In between those two extremes, there were at least three noteworthy trends observed by Linux Planet in 2013.
For as long as people have been running Linux on desktop PCs, users have have been asking for games to play on them.
In 2013, that really began to change thanks to the efforts of Valve and its Steam gaming client. Steam is now available for Linux and has a long list of popular games available. Going a step further though is the evolution of Steam from just a client to becoming a full fledged gaming system.
Valve decided in 2013 that Linux is the future of gaming and its SteamOS is Linux based as a result. SteamOS is Valve's Steam Machine operating system and will be part of a big official hardware rollout early in the new year at the Consumer Electronics Show in Las Vegas.
SteamOS represents a new type of operating system in the Linux marketplace, one that is specifically for gaming. Though it's a new target market, SteamOS stands on the shoulders of Debian at its core and enhancements that optimize graphics and gameplay are likely to improve Linux as a whole over time.

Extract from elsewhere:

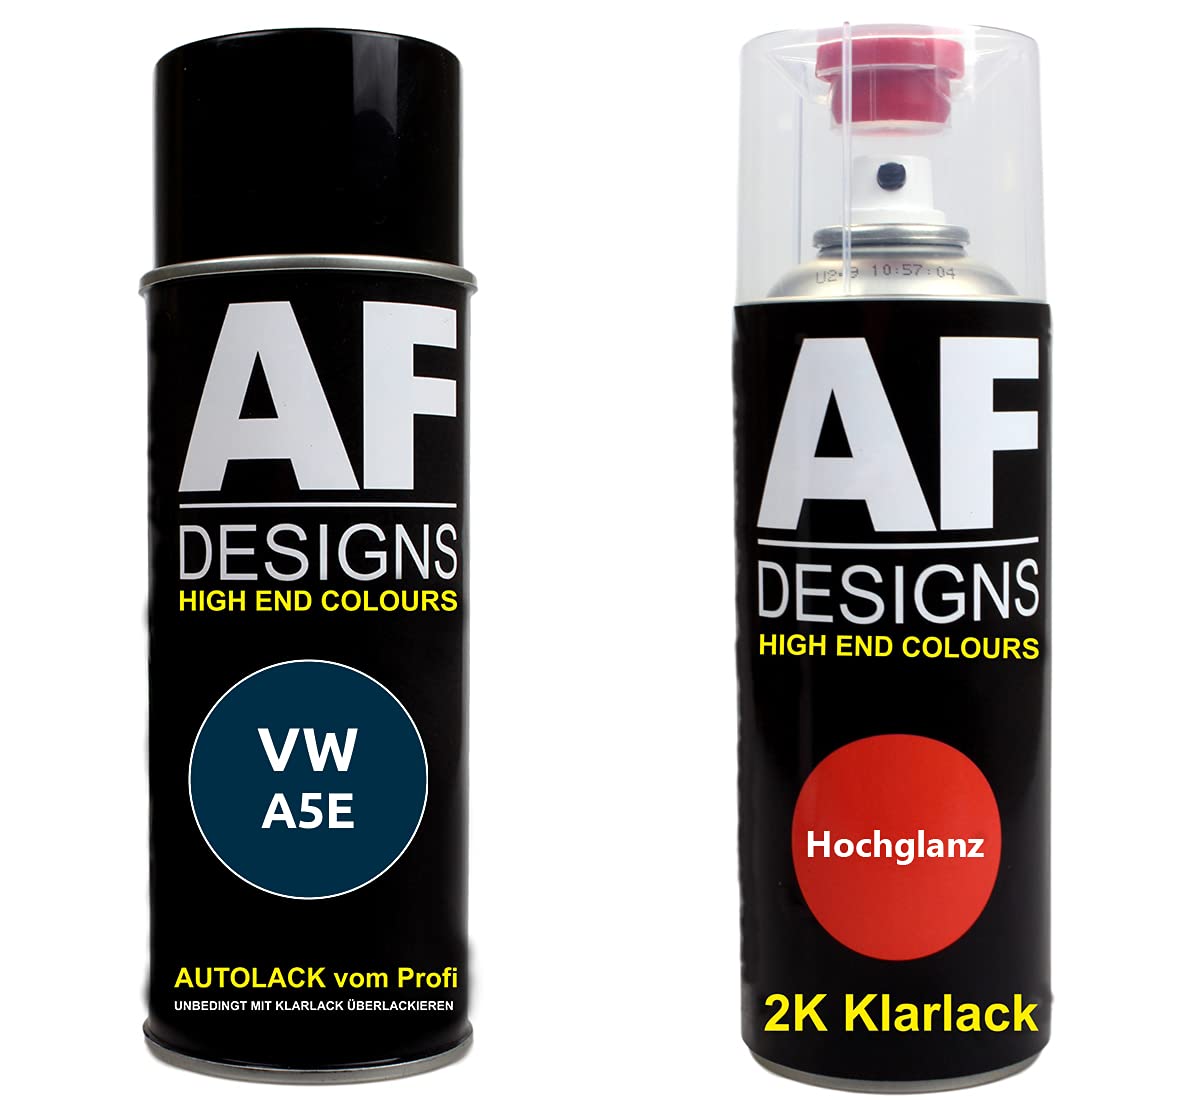 Autolack Spraydose Set für VW A5E Maritimblau 2K Klarlack Basislack Sprühdose Spraydosen 2x400ml von Alex Flittner Designs

Linux hardware on consumer desktops grew dramatically in 2013 thanks to tremendous interest in Google's Chromebook platforms.
At the core, Google's Chromebooks run a thin Linux system that enables users to run the Chrome browser as a gateway to online services in the cloud.
According to new datafrom NPD Group, Google Chromebooks represented 21 percent of all notebook sales in 2013. That's a dramatic rise from what NPD calls a 'negligible' share in 2012.
3) Ubuntu Edge
Though it did not end as Mark Shuttleworth would have like, Ubuntu's effort to crowdfund a new Linux superphone was among the most audacious Linux efforts of 2013.
Shuttleworth set the goal of raising $32 million in 30 days. The final tally came in at $12.8 million, which was still a record breaking amount for a crowdfunding effort.